Par René Lemieux | Université du Québec à Montréal

Le débat sémantique qui vise à savoir si le « conflit étudiant » (nouvelle formulation – neutre? – de Radio-Canada) est une « grève » ou un « boycott » (ou son dérivé, « boycottage ») n’en finit pas. On a tour à tour pu lire et entendre les avis des chroniqueurs sur la question (Jean-Félix Chénier, Renart Léveillé, Jean Barbe ou Jean-Luc Mongrain), du lexicographe Guy Bertrand, l’ayatollah de la langue de Radio-Canada à C’est bien meilleur le matin, jusqu’à de très sérieux avis juridiques (notamment de l’Association des juristes progressistes). Admettons-le, la grande majorité des avis penche en faveur du mot « grève », et pour cause, « grève » (qui avait toujours été utilisé jusqu’à maintenant), et plus précisément « grève politique » permet assez bien de comprendre la réalité du conflit entre le gouvernement et ceux qui s’opposent à la hausse des droits de scolarité, en tout cas, selon l’Office québécois de la langue française :

grève politique n. f.

Définition :
Grève dont l’objet est d’amener le gouvernement à modifier sa politique ou son attitude sur un point donné.

Note(s) :
Il faut remarquer qu’elle est faite contre l’État gouvernement et non contre l’État employeur.
Mots apparentés : grève insurrectionnelle; grève révolutionnaire.

Entrée « grève politique » dans le Grand dictionnaire terminologique de l’Office québécois de la langue française

Pour ma part, ce qui m’intéresse, ce n’est pas le « bon mot » à utiliser, mais plutôt de comprendre les implications stratégiques de ce qui ressemble fort à une confusion qui est à l’œuvre.
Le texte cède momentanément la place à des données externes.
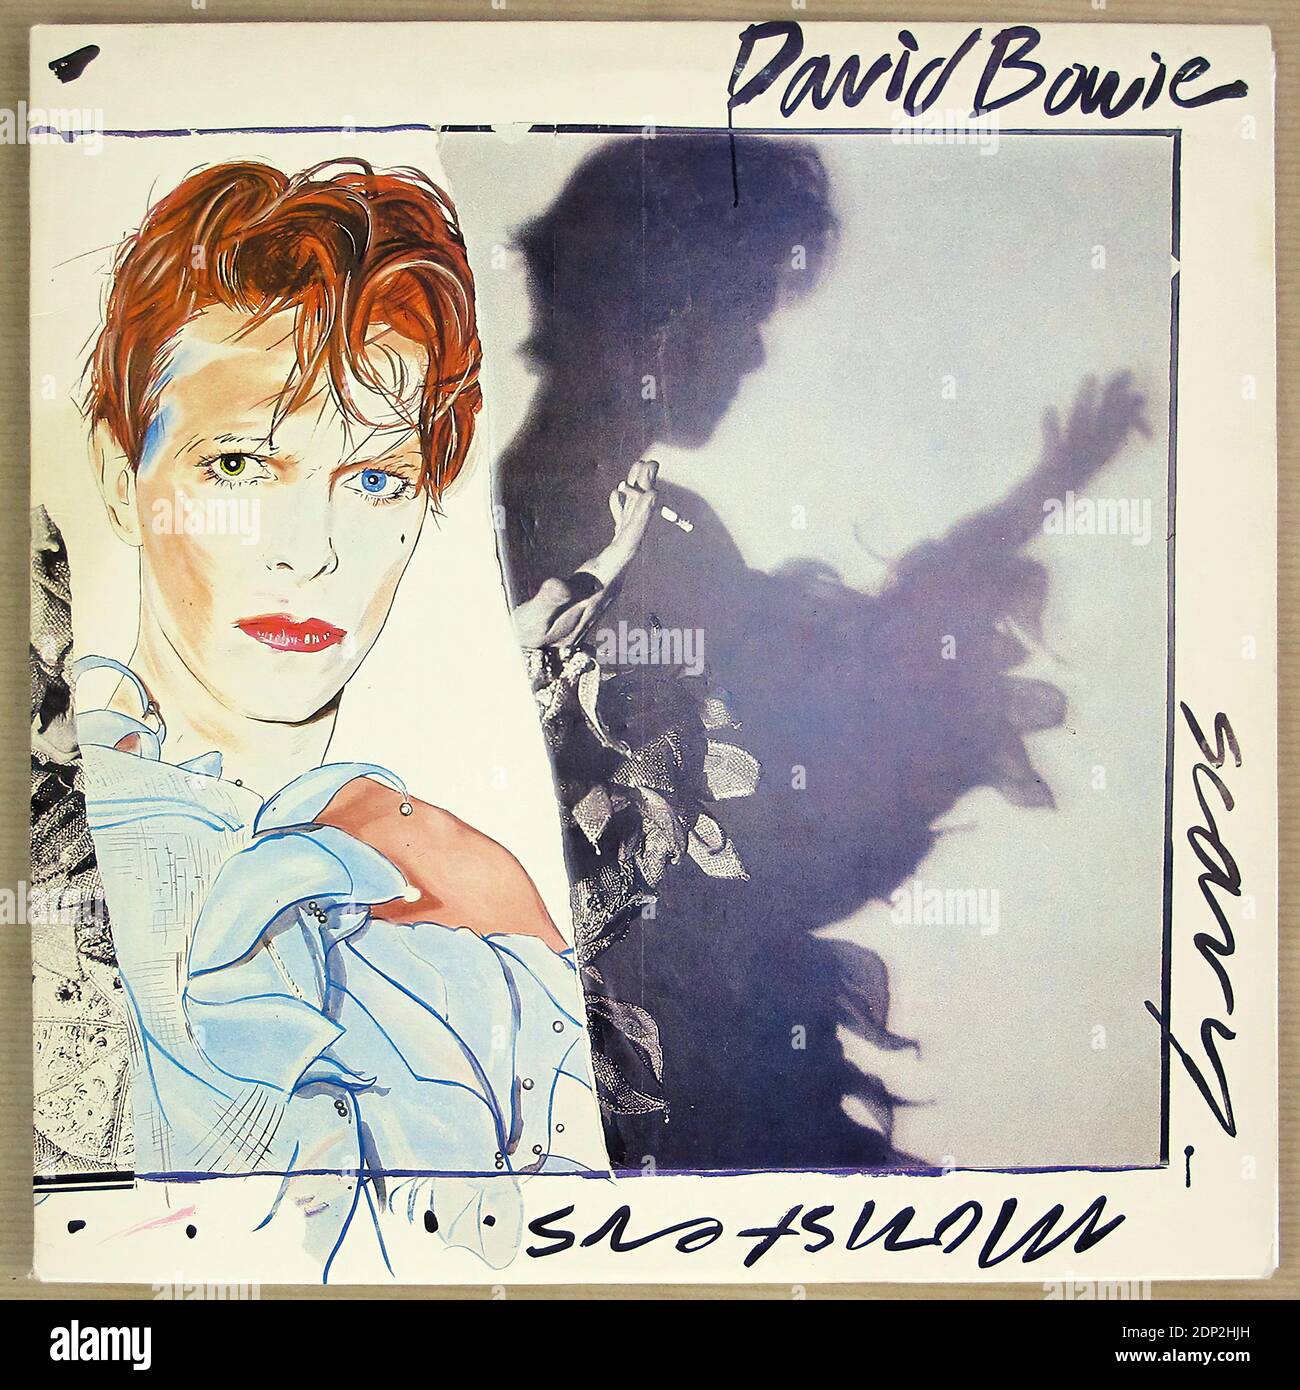 DAVID BOWIE SCARY MONSTERS (AND SUPER CREEPS) LYRICS SLEEVE 12 vLP VINYL -  Vintage Vinyl Record Cover Stock Photo - Alamy

Utiliser un mot plutôt qu’un autre dans l’ordre du discours – même lorsqu’il s’agit d’un référent identique – est « normal » dans la vie sociale du langage, c’est même un des moyens que possède la langue pour évoluer. Il peut arriver des moments de confusion – par exemple la rencontre de deux dialectes proches – qui résultent généralement dans l’abandon d’un des termes au profit de l’autre (doit-on dire « chicon » ou « endive »« courriel » ou « e-mail »? les pages de discussion de Wikipédia sont exemplaires, et pour cause, ce projet encyclopédique se veut la rencontre de tous les francophones du Web). Il y a un désir « normal » d’unité signifiante « mot = chose » qui ne peut résulter que dans une lutte à finir parmi les prétendants linguistiques adversaires.

Qu’en est-il de la confusion du débat en cours sur la hausse des droits de scolarité au Québec? On connaît tous le problème des mots « grève » et « boycott », Normand Baillargeon a quant à lui suggéré les mots « démocratie », « anarchie » et « violence », on a pu lire pas mal de choses sur la « juste part » du ministre Raymond Bachand (il avait même dit qu’il était de l’ordre de la « justice sociale » de voir les étudiants payer plus). De loin, la meilleure trouvaille, pourtant passé inaperçue, était celle de Raymond Bachand qui ne parle plus désormais de « hausse des droits de scolarité », mais de « hausse du financement des universités » (alors qu’un des arguments de ceux qui s’opposent à la hausse, c’est que le financement est bien suffisant). Récemment – et là j’avoue mon incapacité théorique à le comprendre (une aide ci-dessous en commentaire serait appréciée) – on a pu entendre Line Beauchamp parler de la CLASSÉ (avec l’accent aigu…) plutôt que de la CLASSE normalement utilisé (une première après dix semaines de grève, c’est douteux), prononciation relayée par Liza Frulla à l’émission Le Club des Ex de Radio-Canada (on aura pu même entendre Simon Durivage la corriger : « CLASS-EU, Liza, CLASS-EU »), et le petit monde médiatique suivre cette nouvelle prononciation. Une prononciation particulière – tout comme un mot – n’est jamais neutre, elle fait généralement l’effet d’une « faute de goût », d’un « fashion faux pas » de la langue, lorsque l’individu prononce différemment du groupe à qui il s’adresse (qui ne s’est jamais fait reprendre pour la prononciation d’un mot?). Cette faute donne généralement l’impression d’un manque d’éducation, sinon de savoir-vivre.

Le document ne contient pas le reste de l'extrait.